Recreate the listing that follows line for line, without pictures.

PROVIDED MATERIAL -
------

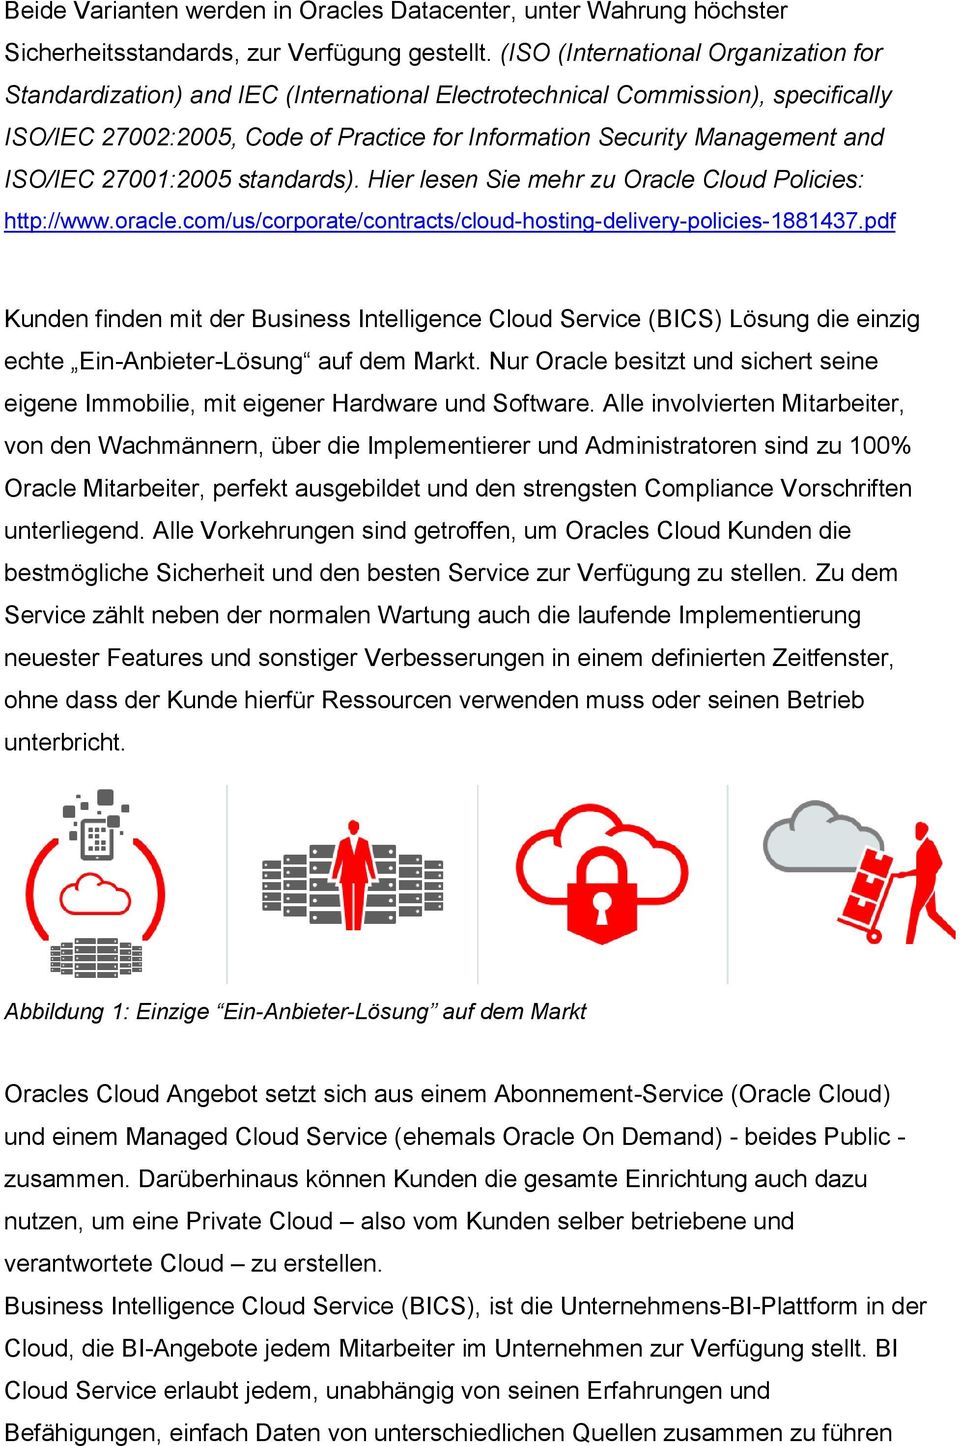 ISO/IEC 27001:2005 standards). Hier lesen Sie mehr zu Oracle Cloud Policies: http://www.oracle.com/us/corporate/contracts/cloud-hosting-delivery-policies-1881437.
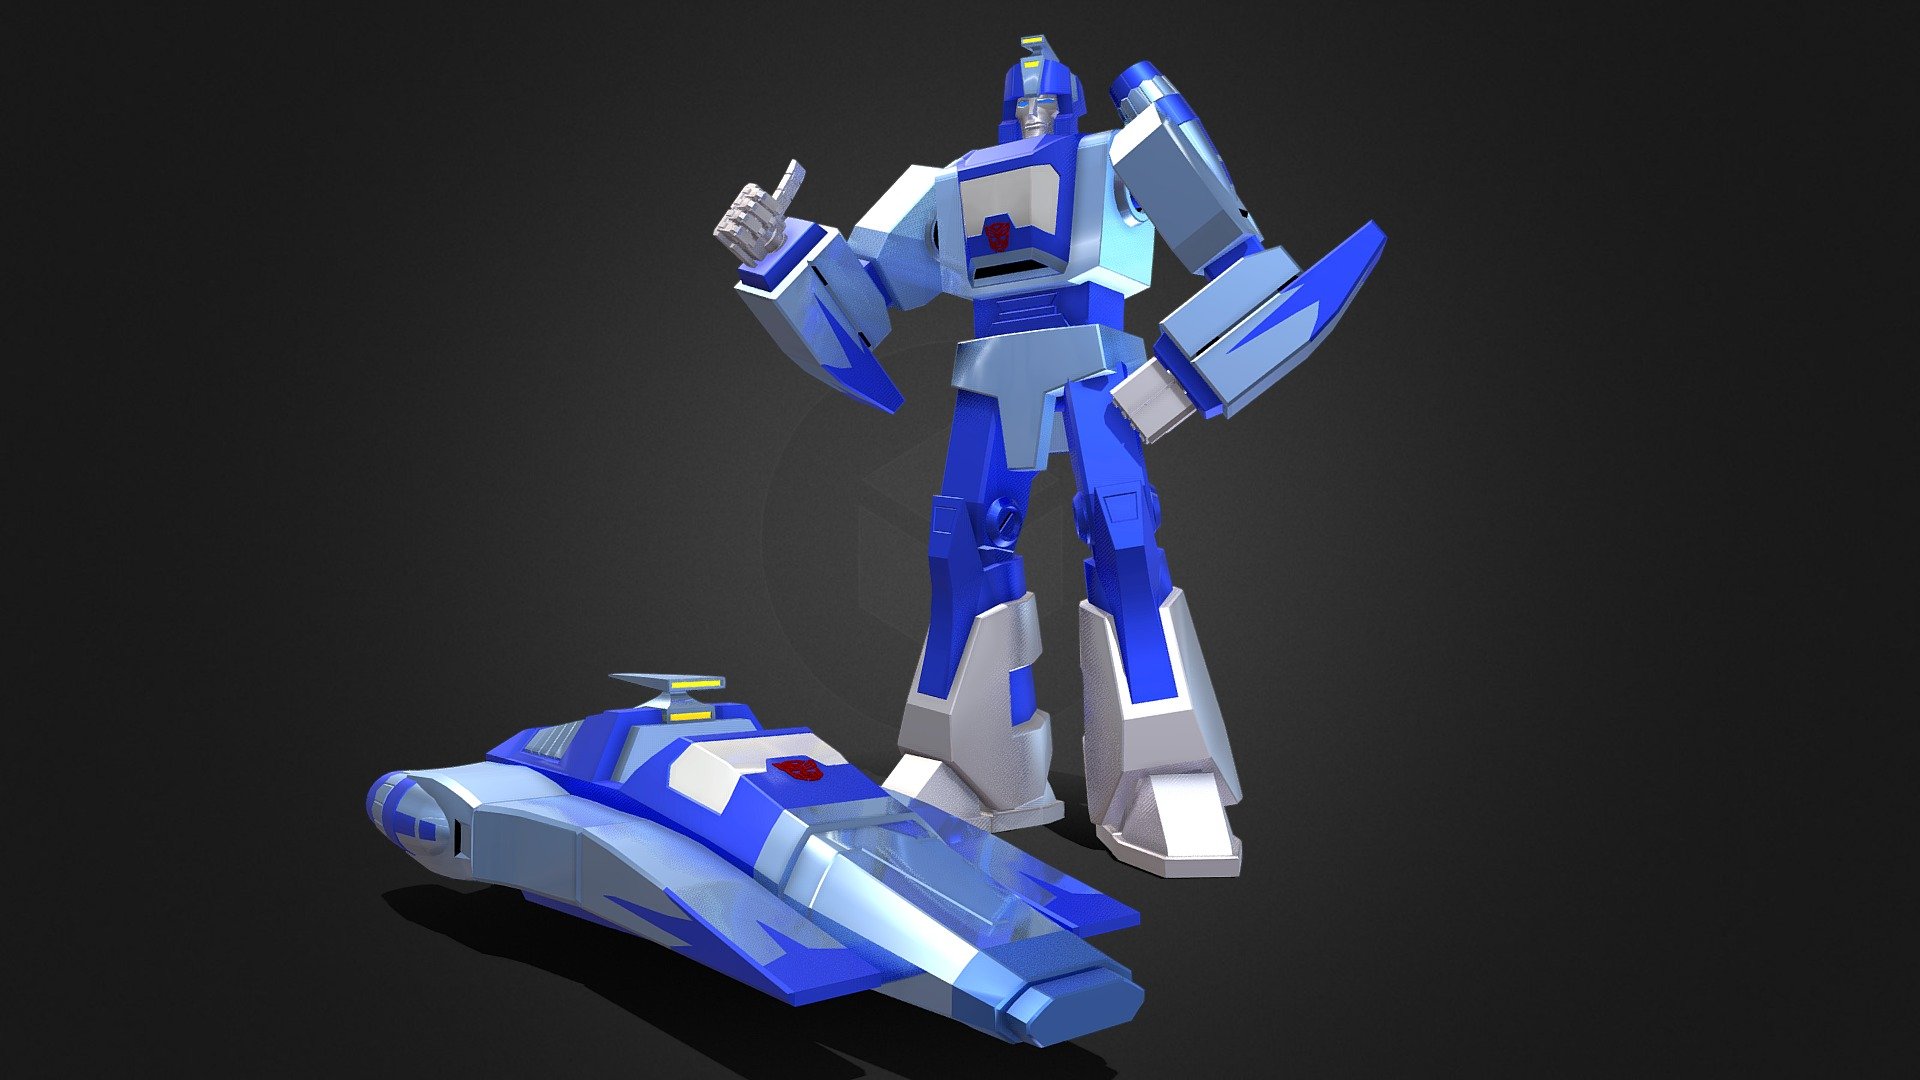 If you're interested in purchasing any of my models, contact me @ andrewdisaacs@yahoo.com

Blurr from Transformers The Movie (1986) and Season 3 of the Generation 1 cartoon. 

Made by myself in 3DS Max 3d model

------

RESPONSE BOX -
 ISO/IEC 27001:2005 standards). Hier lesen Sie mehr zu Oracle Cloud Policies: http://www.oracle.com/us/corporate/contracts/cloud-hosting-delivery-policies-1881437.
 If you're interested in purchasing any of my models, contact me @ andrewdisaacs@yahoo.com

Blurr from Transformers The Movie (1986) and Season 3 of the Generation 1 cartoon. 

Made by myself in 3DS Max 3d model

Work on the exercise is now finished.